## Work request:
Ignoring every picture, transcribe the data in full as it stands.

## Given material:
'''

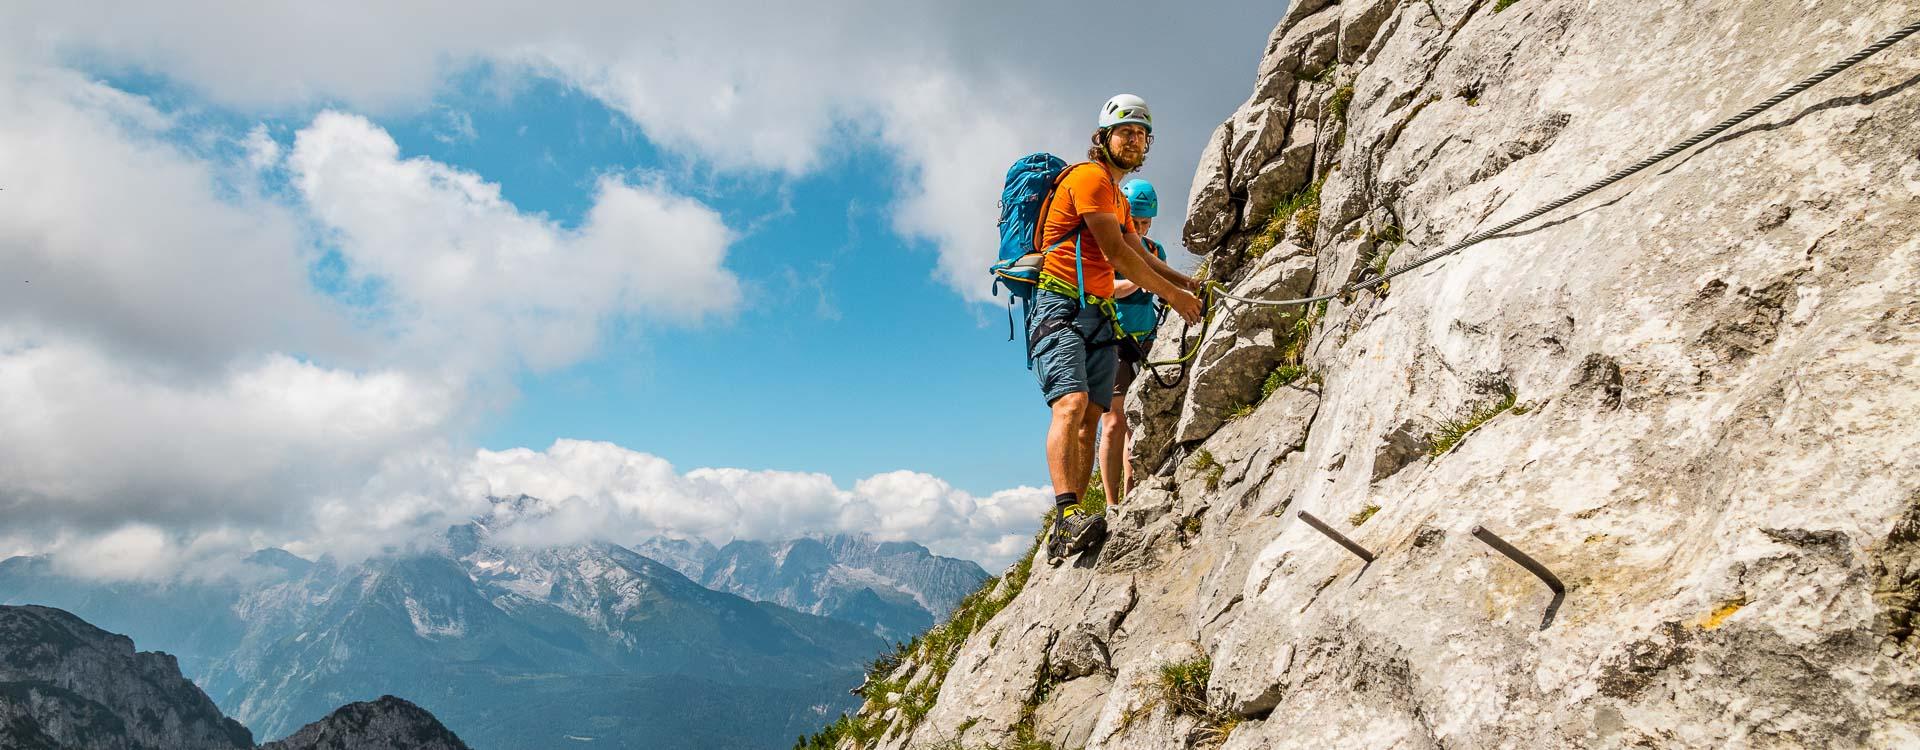 Klettersteig Kurs fuer Einsteiger im Nationalpark Berchtesgaden
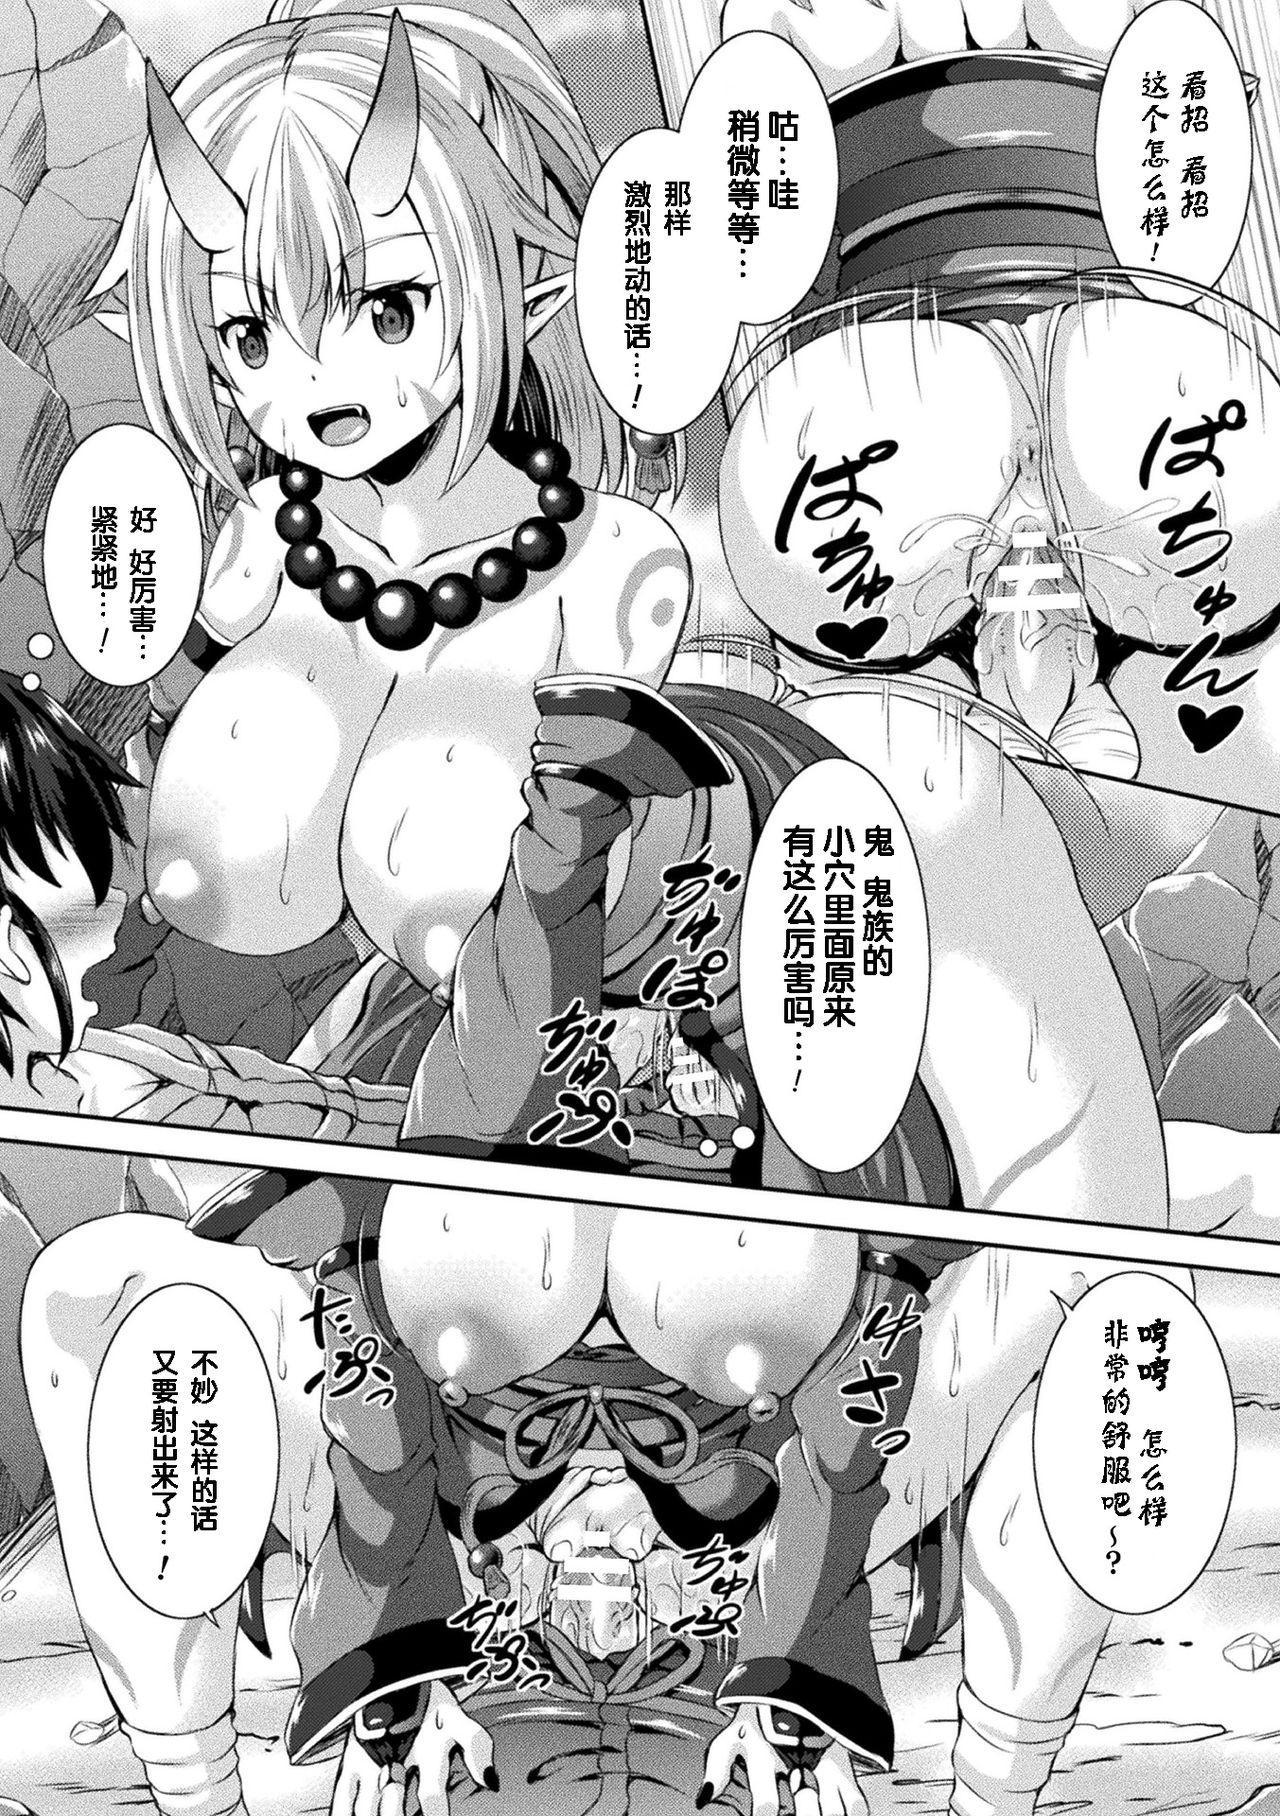 [Anthology] Bessatsu Comic Unreal Ponkotsu Fantasy Heroine H ~Doji o Funde Gyakuten Saretari Ero Trap ni Hamattari!?~ Vol. 1 [Chinese] [风油精汉化组] [Digital] 55
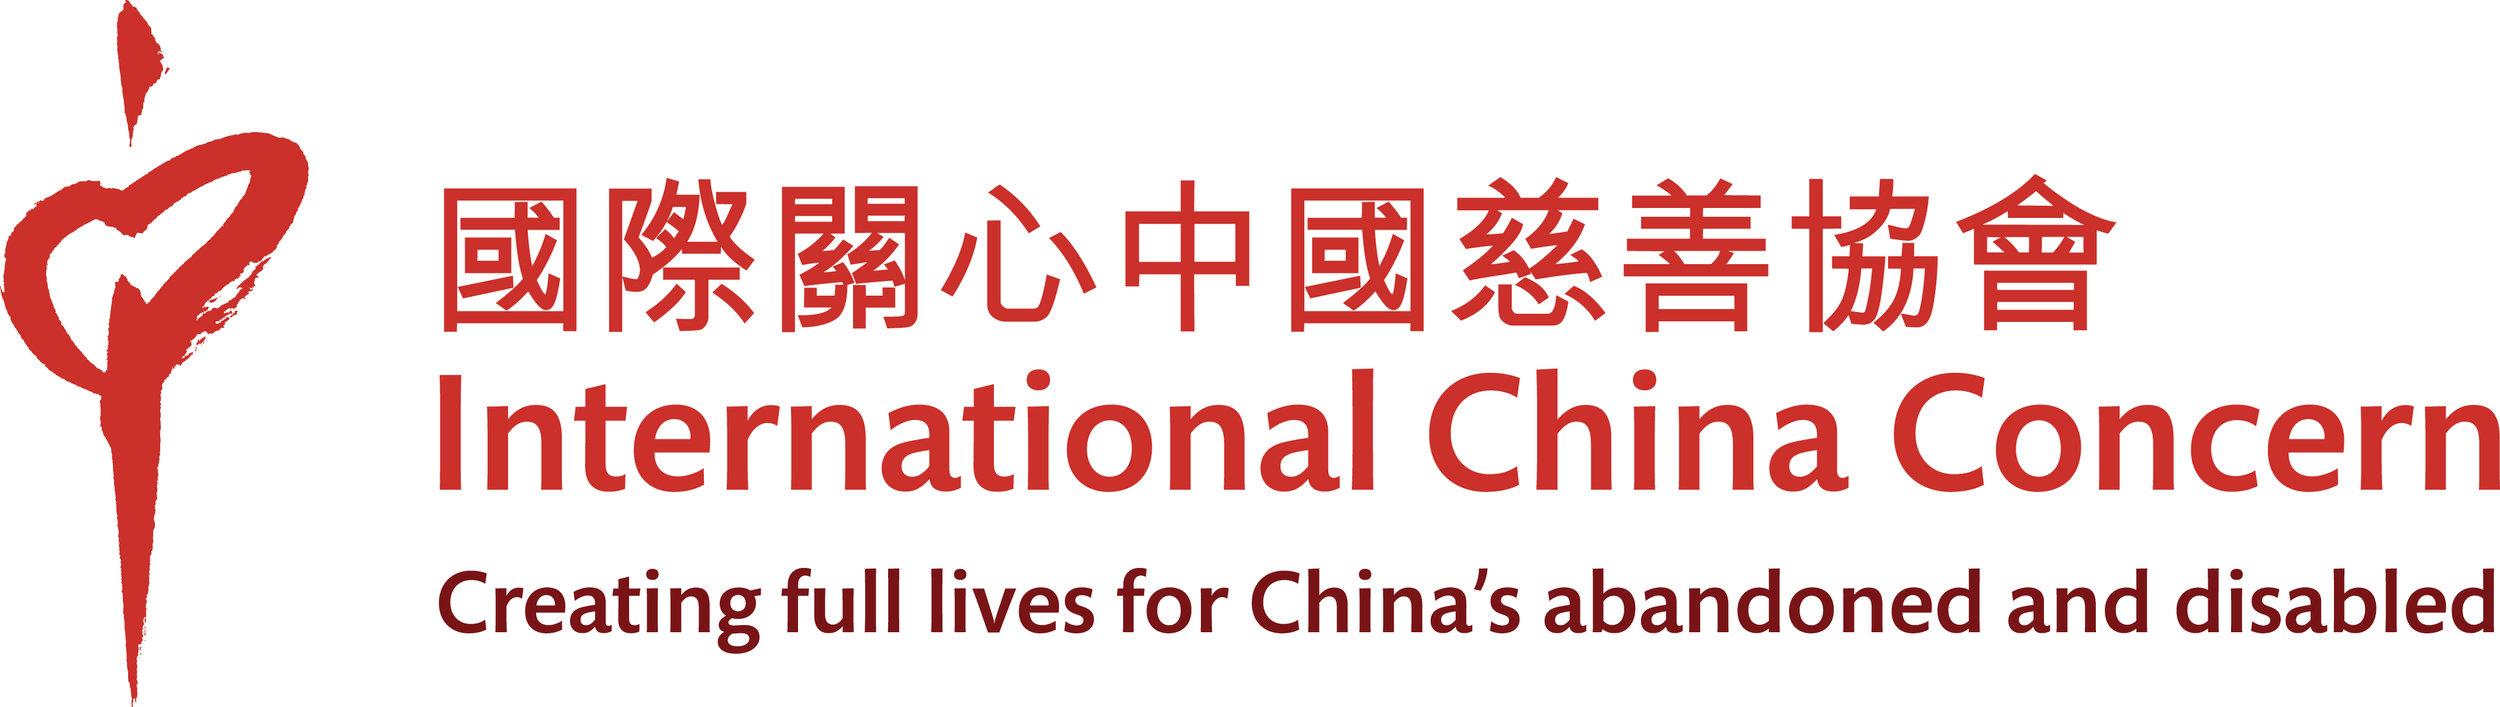 logo-type-slogan-red-web.jpg
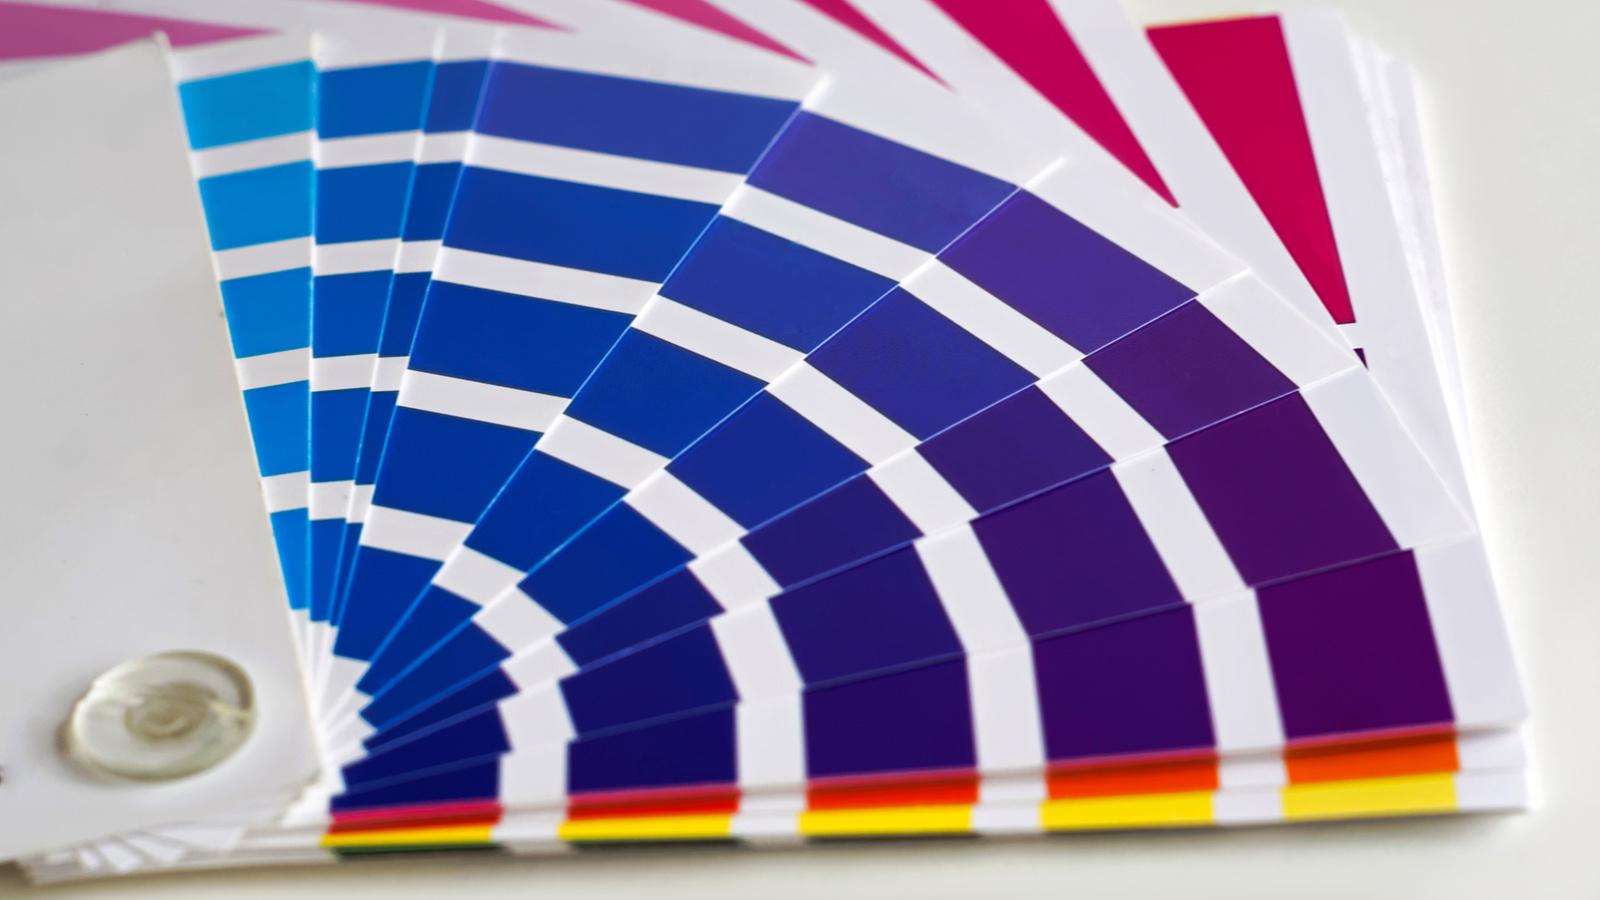 agentur weissraum grafenau ausbildungsplatz Mediengestalter farbfächer

'''

## Output for this exercise:
 Klettersteig Kurs fuer Einsteiger im Nationalpark Berchtesgaden
 [Anthology] Bessatsu Comic Unreal Ponkotsu Fantasy Heroine H ~Doji o Funde Gyakuten Saretari Ero Trap ni Hamattari!?~ Vol. 1 [Chinese] [风油精汉化组] [Digital] 55
 logo-type-slogan-red-web.jpg
 agentur weissraum grafenau ausbildungsplatz Mediengestalter farbfächer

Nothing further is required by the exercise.